Wherever a line below holds the word "Champion", copy that line.

[Data under study — start]

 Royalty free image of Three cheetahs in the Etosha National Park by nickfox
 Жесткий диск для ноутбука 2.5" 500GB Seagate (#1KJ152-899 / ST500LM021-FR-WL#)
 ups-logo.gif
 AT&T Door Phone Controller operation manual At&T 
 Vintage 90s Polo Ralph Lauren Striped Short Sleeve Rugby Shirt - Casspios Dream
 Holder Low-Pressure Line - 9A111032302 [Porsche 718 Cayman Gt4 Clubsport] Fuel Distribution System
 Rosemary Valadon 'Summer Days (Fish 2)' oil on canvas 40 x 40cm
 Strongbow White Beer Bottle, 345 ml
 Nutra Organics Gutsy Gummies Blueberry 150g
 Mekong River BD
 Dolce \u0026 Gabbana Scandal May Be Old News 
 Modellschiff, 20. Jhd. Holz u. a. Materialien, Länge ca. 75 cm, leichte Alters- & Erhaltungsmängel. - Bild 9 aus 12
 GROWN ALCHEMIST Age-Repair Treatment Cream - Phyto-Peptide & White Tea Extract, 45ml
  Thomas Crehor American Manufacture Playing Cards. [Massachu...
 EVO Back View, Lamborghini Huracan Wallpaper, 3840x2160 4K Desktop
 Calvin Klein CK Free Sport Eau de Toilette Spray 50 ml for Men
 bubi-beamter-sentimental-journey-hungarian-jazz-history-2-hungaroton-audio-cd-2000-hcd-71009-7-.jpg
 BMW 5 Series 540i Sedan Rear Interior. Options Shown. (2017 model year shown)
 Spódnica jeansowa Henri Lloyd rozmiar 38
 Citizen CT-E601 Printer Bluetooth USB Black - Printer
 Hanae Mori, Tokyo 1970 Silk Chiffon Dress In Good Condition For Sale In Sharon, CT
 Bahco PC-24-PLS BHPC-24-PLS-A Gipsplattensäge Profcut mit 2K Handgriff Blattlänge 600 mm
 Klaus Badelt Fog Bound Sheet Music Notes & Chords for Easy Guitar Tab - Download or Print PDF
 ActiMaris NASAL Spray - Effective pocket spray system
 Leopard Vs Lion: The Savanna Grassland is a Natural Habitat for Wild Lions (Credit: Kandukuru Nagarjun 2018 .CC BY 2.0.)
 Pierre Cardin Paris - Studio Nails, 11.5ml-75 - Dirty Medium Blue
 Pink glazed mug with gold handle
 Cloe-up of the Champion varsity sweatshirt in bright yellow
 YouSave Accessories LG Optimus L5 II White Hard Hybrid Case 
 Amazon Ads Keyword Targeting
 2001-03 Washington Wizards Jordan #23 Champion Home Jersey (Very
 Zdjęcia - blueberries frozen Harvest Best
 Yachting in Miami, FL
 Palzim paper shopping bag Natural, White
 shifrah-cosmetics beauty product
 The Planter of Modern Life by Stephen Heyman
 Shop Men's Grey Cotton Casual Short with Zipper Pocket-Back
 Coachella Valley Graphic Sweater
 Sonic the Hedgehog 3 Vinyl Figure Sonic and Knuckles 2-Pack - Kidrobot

[Data under study — finish]

## Result of the task
 Cloe-up of the Champion varsity sweatshirt in bright yellow
 2001-03 Washington Wizards Jordan #23 Champion Home Jersey (Very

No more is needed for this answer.